Taking a close look at the VHDL, I realised it was not including the $A1 sync mark bytes or the $FB data marker in the CRC calculation. I was also writing the two bytes of the CRC out in reverse order. I'm now synthesising a fix for those problems.

But while I wait for that, I'm really tempted to try to use the HEADER command of BASIC 10 to format a disk, as it should now work if I run the CPU at 40MHz to work around the bug there.  It chugs through formatting the disk, but then fails with a 27,READ ERROR,40,0.  That error indicates a CRC error in the sector header.  
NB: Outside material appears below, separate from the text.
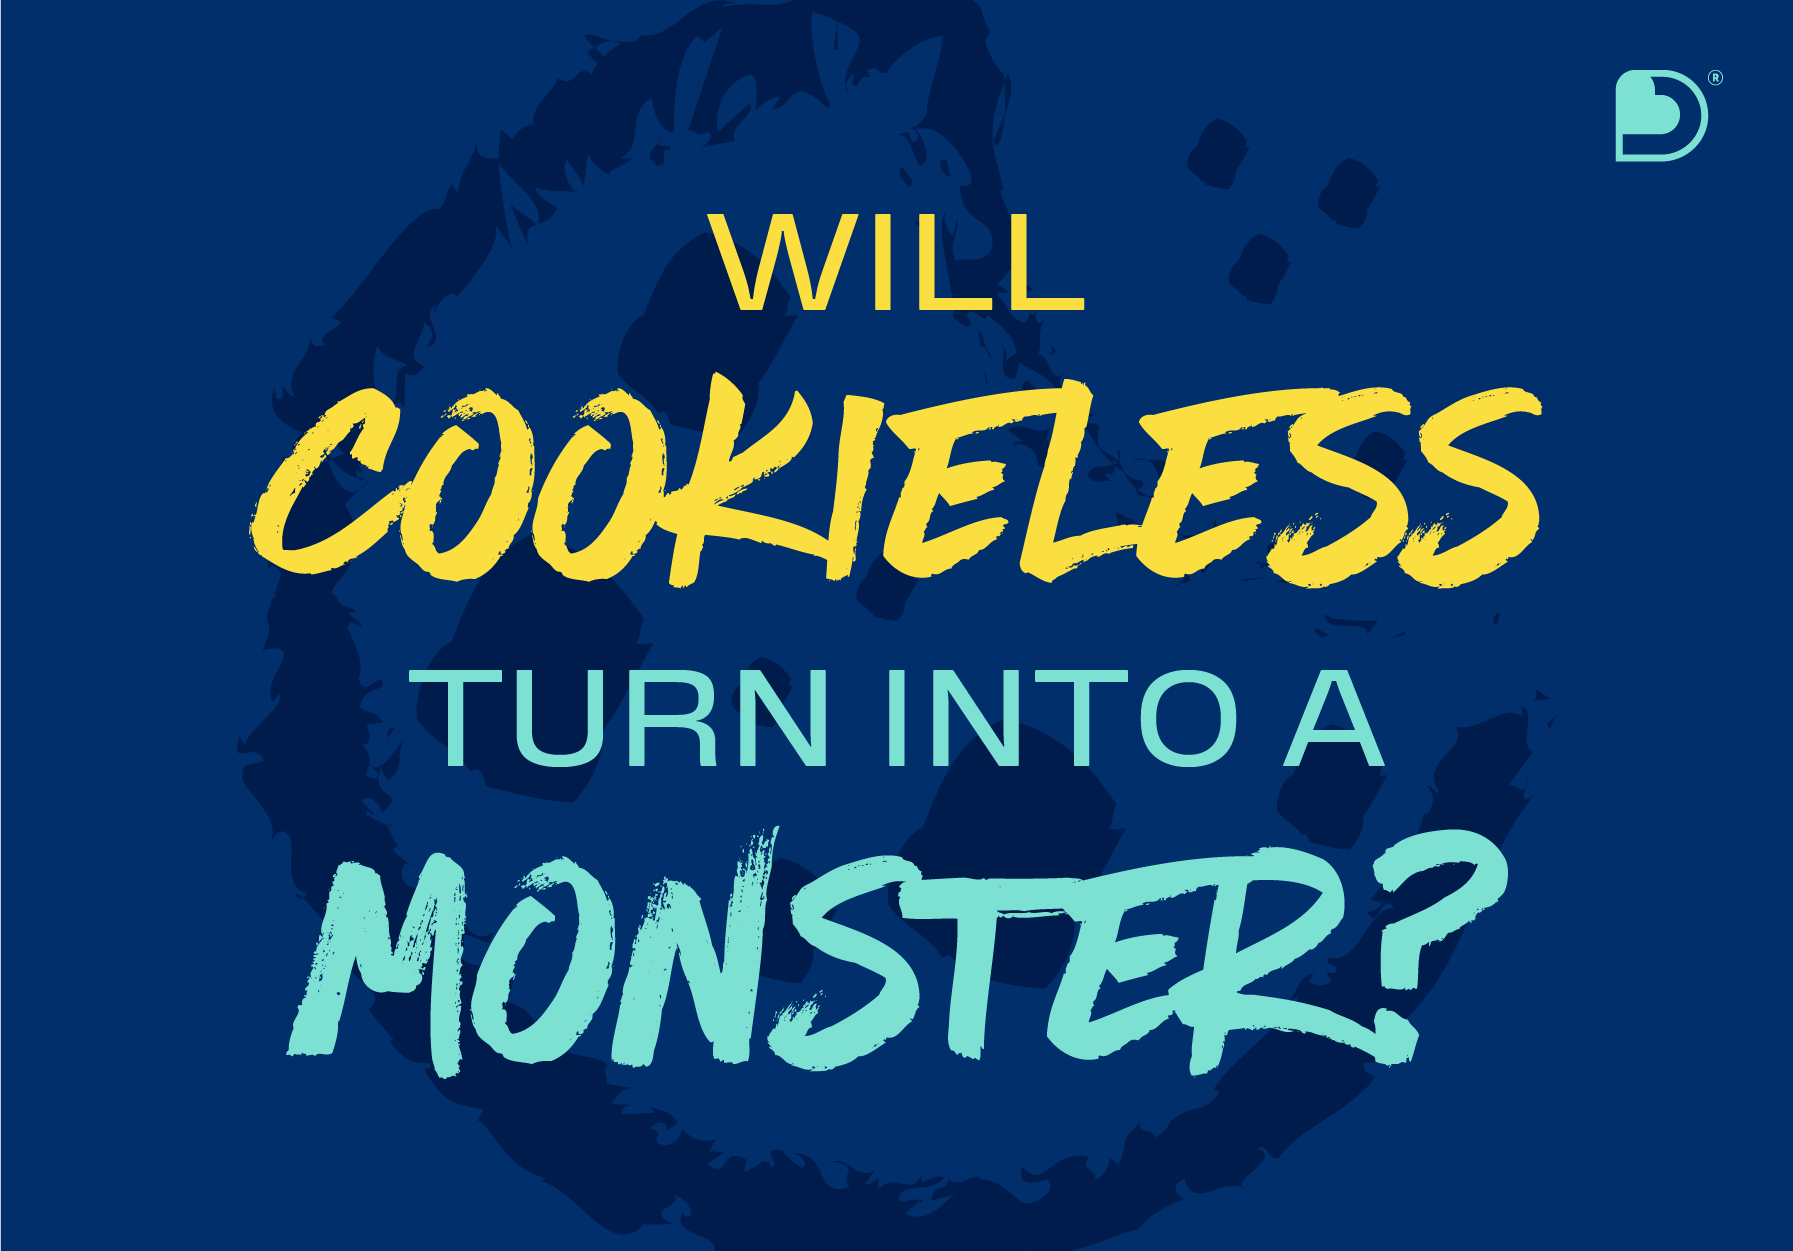 cookieless marketing

Digging through the C65 DOS source code, this could in fact be triggered by the CRC of a sector being bad. It checks $D082, and if bit 3 is set, then it fails with a 27 READ ERROR:

;* 'CheckEr'   Check for CRC/RNF status following read of currently selected drive
;*
;* If an error is detected the error handler is JuMPed to.  Preserve Z register.

CheckEr
        jsr BusyWait            ;Busywait for op to complete
        lda stata
        and #bit4+bit3          ;Check RECORD NOT FOUND and CRC
        beq noerror             ;    branch if no errors
        cmp #bit4               ;    what is the error?
        beq 10$
        bcs 20$

        ldx #5                  ;       DOS error # 23 (data CRC)
                .byte $2c
10$     ldx #9                  ;       DOS error # 27 (header CRC)
                .byte $2c

So I probably just have to be patient, and wait for that new bitstream to finish synthesising.  Which it now has, and the CRC calculation is still wrong. Now to try to work out how it is wrong, again.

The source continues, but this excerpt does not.